Thanks, I changed that. –  Ignavia Sep 13 '12 at 19:26
    
See what you think of the answer I have just given. –  Michael Chernick Sep 13 '12 at 19:55

4 Answers 4

up vote 6 down vote accepted

Let $p$ be the probability that the coin comes up heads. Suppose that you’ve tossed a head $n$ times. If you play one more time, your expected payoff is $100(n+1)p$; if this is less than the $100n$ that you’ve won so far, you shouldn’t play again.
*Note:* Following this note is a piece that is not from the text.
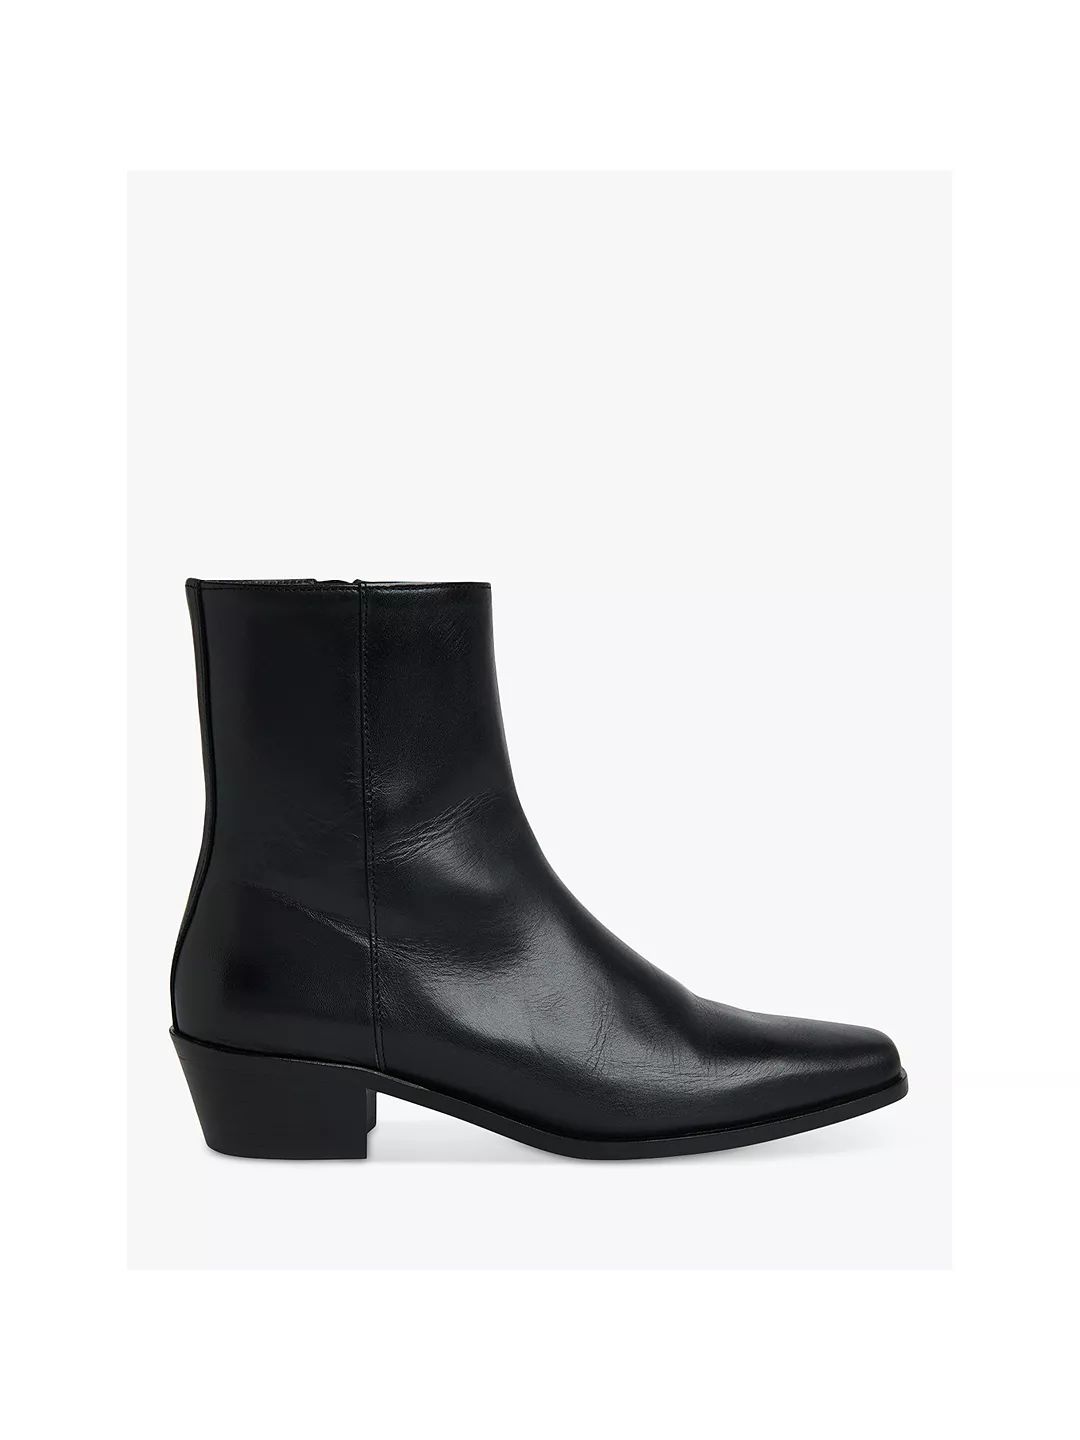 Whistles Kara Leather Ankle Boots, Black | John Lewis (UK)

The inequality $100(n+1)p<100n$ boils down to $n(1-p)>p$, or $n>\frac{p}{1-p}$; if $n=\frac{p}{1-p}$, your expected payoff is equal to your current winnings. Thus, if $n\ge\left\lfloor\frac{p}{1-p}\right\rfloor+1$, you should not play again. If $n=\frac{p}{1-p}$, you can play again or not. And if $n<\frac{p}{1-p}$, you should play again. We can get a slightly nicer expression for the cutoff: you should stop when $n$ reaches

$$\left\lfloor\frac{p}{1-p}\right\rfloor+1=\left\lfloor\frac1{1-p}-1\right\rfloor+1=\left\lfloor\frac1{1-p}\right\rfloor\;.$$

For a fair coin, with $p=\frac12$, this says that if $n>1$, you shouldn’t play again: if you toss heads once, you can go ahead and try again or not, as you please, but if you toss heads twice, you should quit. If $p=4/5$, the cutoff is $n>4$: if you’ve managed to toss four heads in a row, you can try again or not, but if you’ve managed five, quit.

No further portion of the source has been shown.